TRY IT
Each line starting at the one that contains "Ytterhogdals kyrka, interiör, kyrkorummet" and ending at the one that contains "Bilderna är tagna" must be returned exactly, and the rest of the listing is left out.

DATASET ENTRIES
....................

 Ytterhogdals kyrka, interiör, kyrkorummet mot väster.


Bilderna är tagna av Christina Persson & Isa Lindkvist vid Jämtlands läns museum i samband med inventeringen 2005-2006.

....................

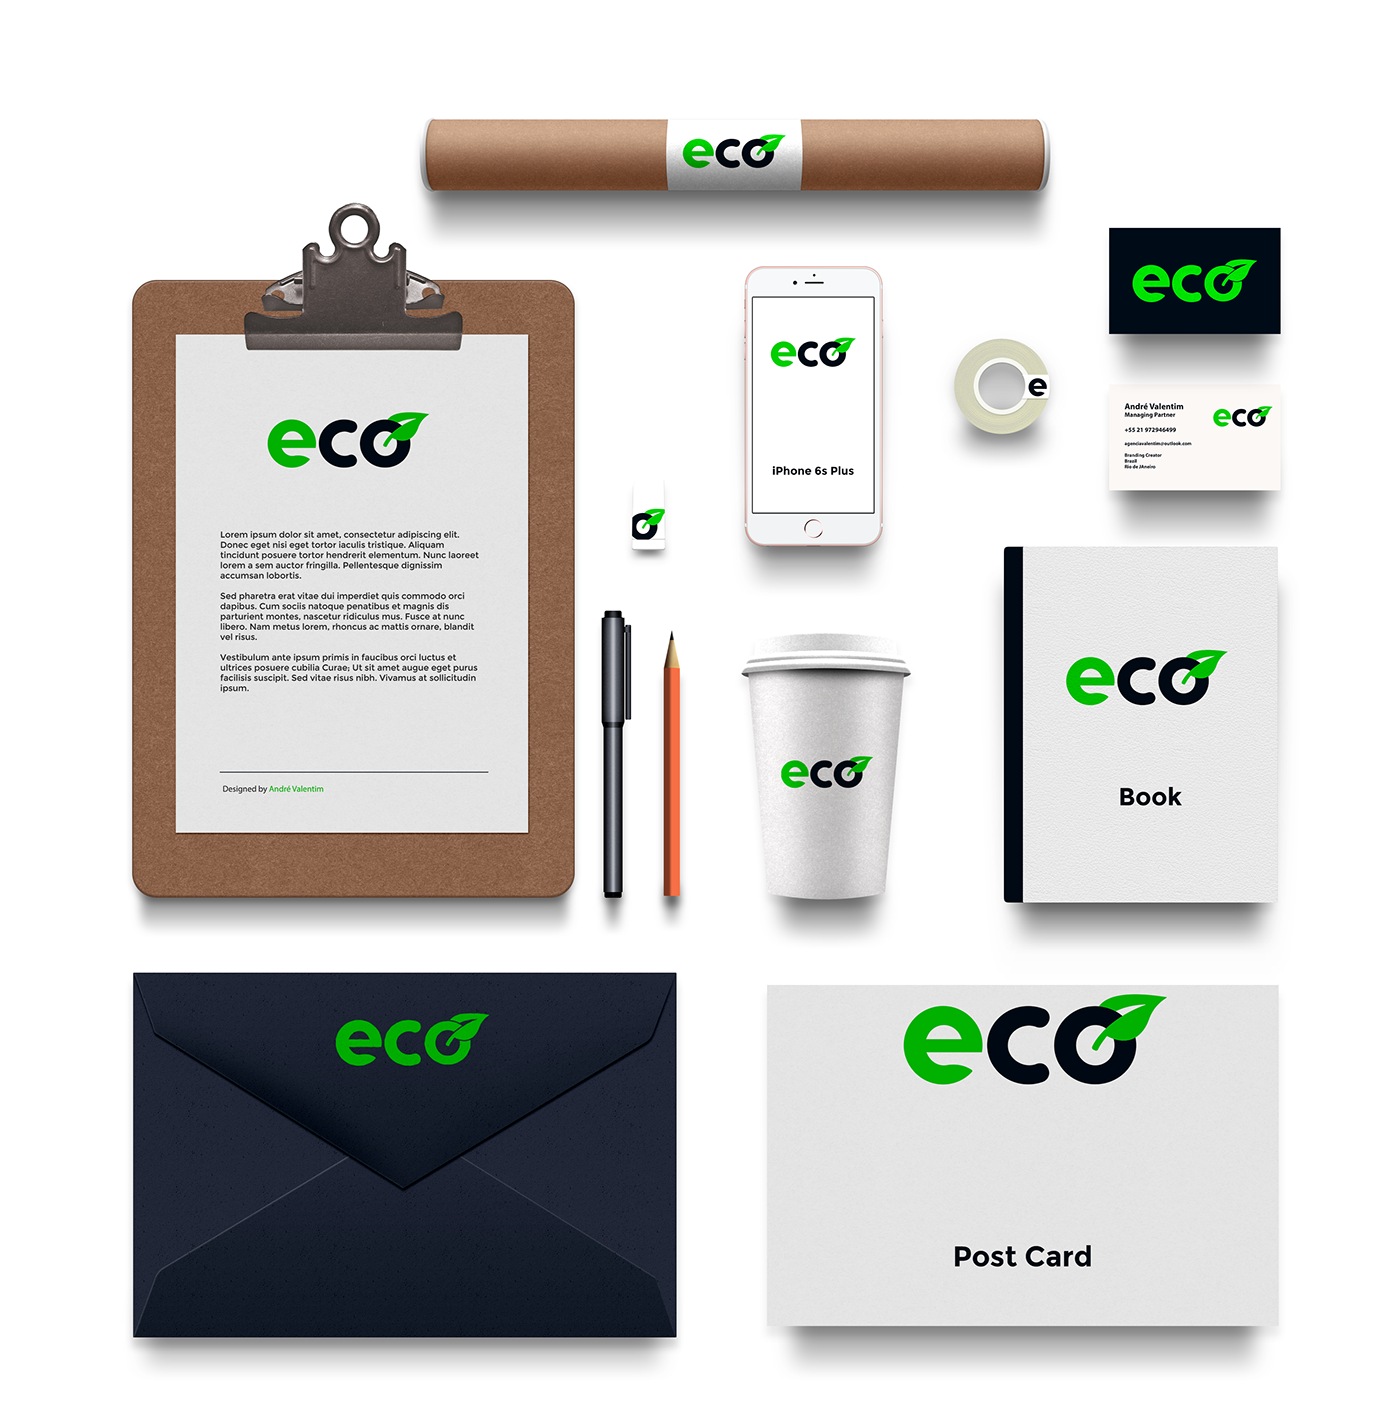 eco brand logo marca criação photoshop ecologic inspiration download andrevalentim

....................

WORKED SOLUTION
 Ytterhogdals kyrka, interiör, kyrkorummet mot väster.


Bilderna är tagna av Christina Persson & Isa Lindkvist vid Jämtlands läns museum i samband med inventeringen 2005-2006.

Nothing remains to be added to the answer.